Comment: Would like it if I could pick the product (Score 1) 187

by mccalli (#49389973) Attached to: Amazon Moves "Buy Now" Into the Physical World, With the Dash Button
It seems to be limited to certain products. If I could pick the product myself, I'd like this. For instance I always forget to order water softener salt until it's too late for instance - would be nice to just stick this on the water so I can press as I'm loading the last of the salt in. As far as problems go it's true that world poverty is probably the greater issue facing humanity, but it's equally true that this is a nice bit of fluff that if works as advertised could well be handy.

Comment: Re:apples real problem is utility. (Score 1) 55

by mccalli (#49377573) Attached to: Apple Extends Its Trade-In Program
You understand that the release of the latest iPhone generations produced the highest rate switchers away from Android and over to the iPhone, right?

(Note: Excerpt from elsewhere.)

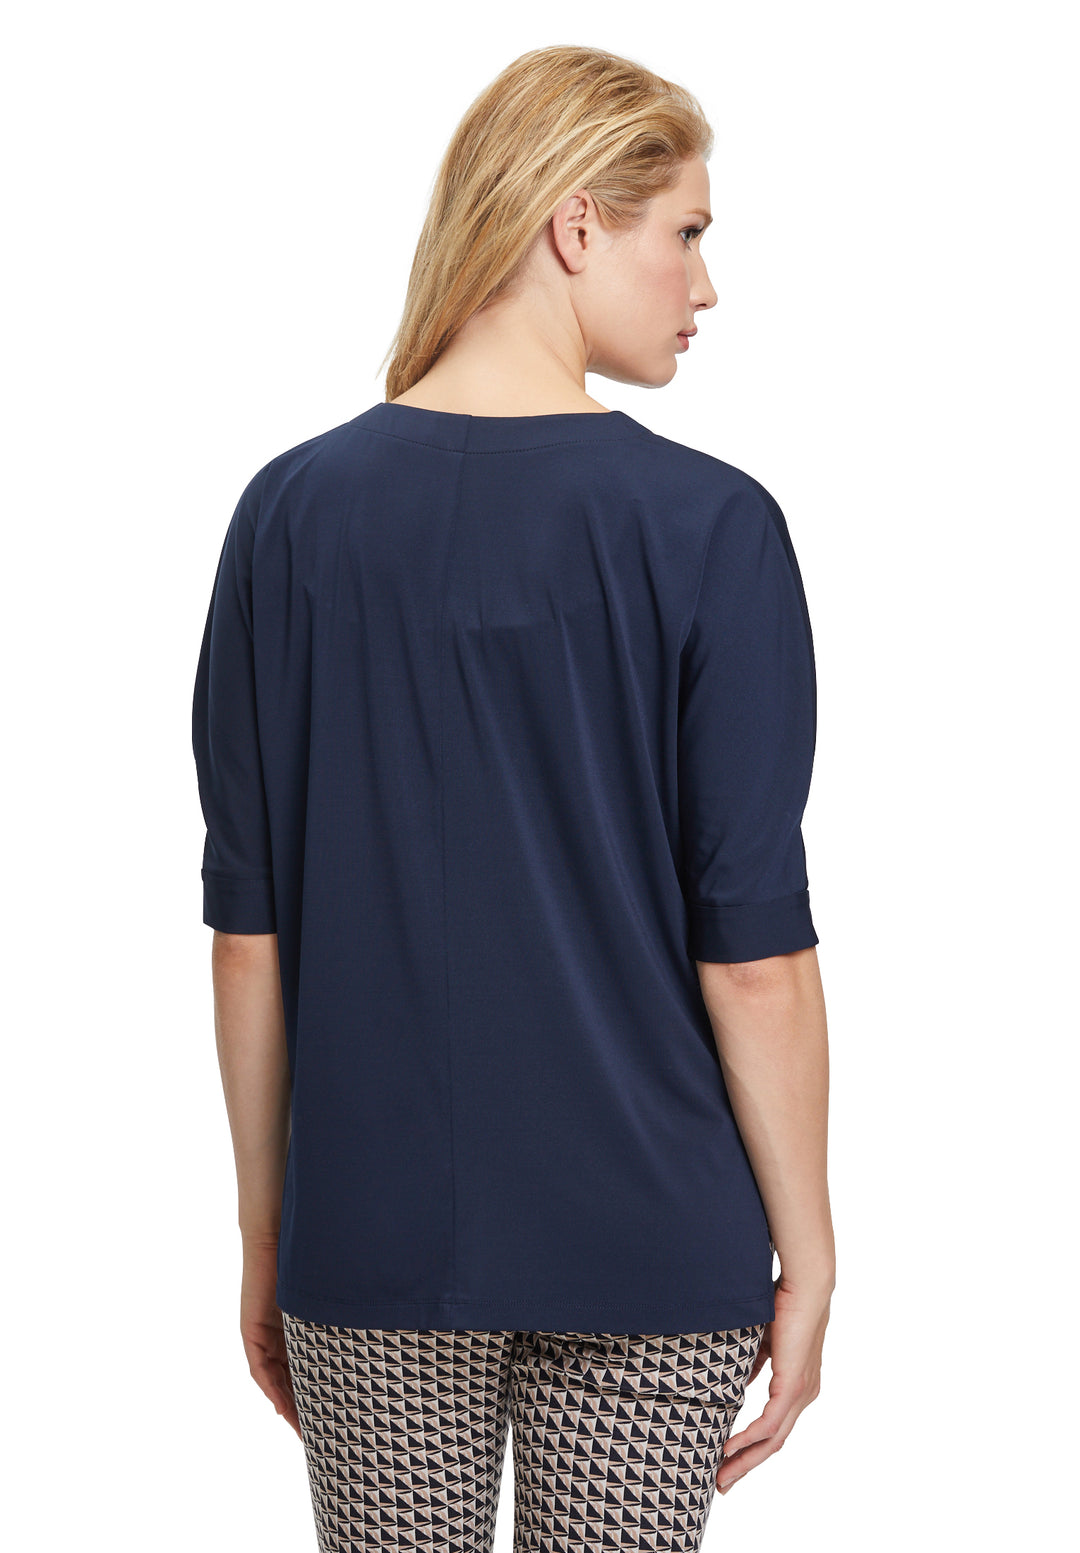 Betty Barclay 2682 1217 8345 Shirt with 1/2 Sleeves Navy 4

I don't mind the debate - I've had an iPhone since the 3GS but was and am seriously looking at switching away for various reasons. The debate should be based on fact though, and the facts are that Apple doesn't have a dearth of people moving off other platforms and over to its own.

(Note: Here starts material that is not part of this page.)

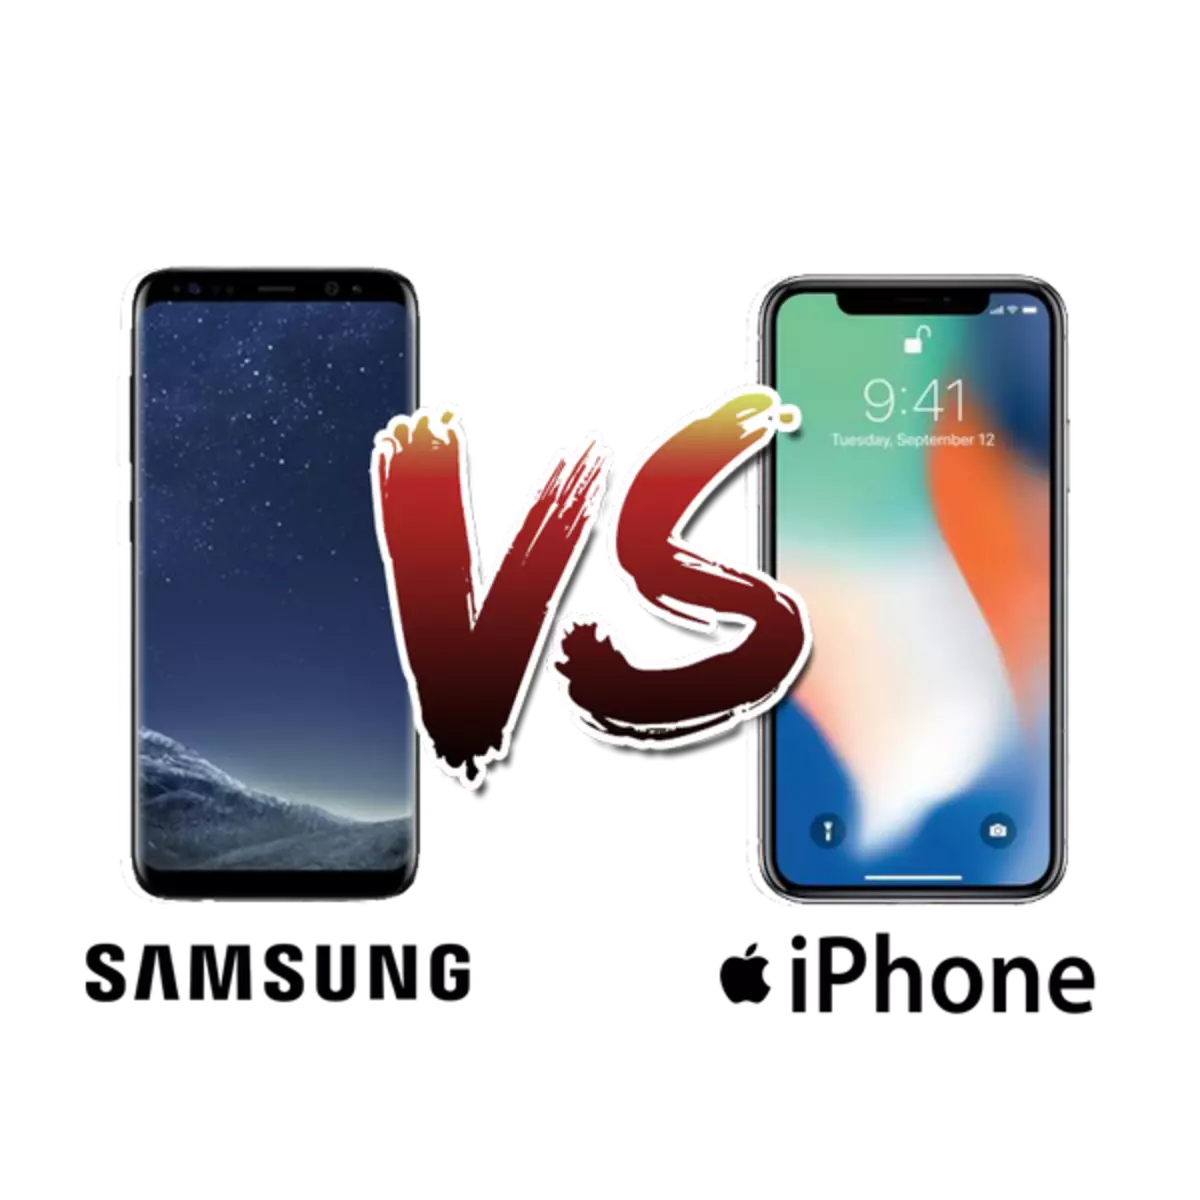 What is better: iPhone or Samsung

Comment: Re:Hardly anyone says, "I don't use Google+" (Score 1) 146

by DigitalSorceress (#49167507) Attached to: Google+ Divided Into Photos and Streams, With New Boss

Add me as a "me too" - I wanted to just use this name as it's my "Nome de net"... but I ended up making a completely fake account with a 'real sounding name" just so I could use Hangout with some co-workers as our informal "virtual office"

Yeah, I could use my real name, but I wanted to keep any activity strictly not-directly-officially-tied to me or my employer... they've got a social media policy which I just would rather avoid by using a pseudonym.

Comment: Historical hang-up from an MS hire (Score 5, Interesting) 65

by mccalli (#49078613) Attached to: BBC Radio Drops WMA For MPEG-DASH
Missing from most of the articles on this, including the ones on their web site, is that they used to employ a senior Microsoft media guy who, unsurprisingly, set about converting everything to Microsoft Media formats - Ashley Highfield. Here's a 2007 article with a section of the controversy

BBC used to have one of the more progressive approaches to media with early mp3 streams, Dirac codec then just stopped. Nice to see them get back towards the rest of the world - next step, please go HTML 5 video on the site as well and then we can avoid Flash.

Comment: Absolutely not (Score 3, Insightful) 33

by mccalli (#48819533) Attached to: First Crowdsourced, Open Data Address List Launches In the UK
I already opted out of this via the Electoral Register, I do not want some random startup faffing about with it. They have not got a single convincing reason for doing this. Have a look:

"Open Addresses UK Director Jeni Tennison states that addresses are an essential part of a national infrastructure. “They connect us to wider society and help us to access services. Everyone needs to be able to use addresses freely, which means they need to be open.”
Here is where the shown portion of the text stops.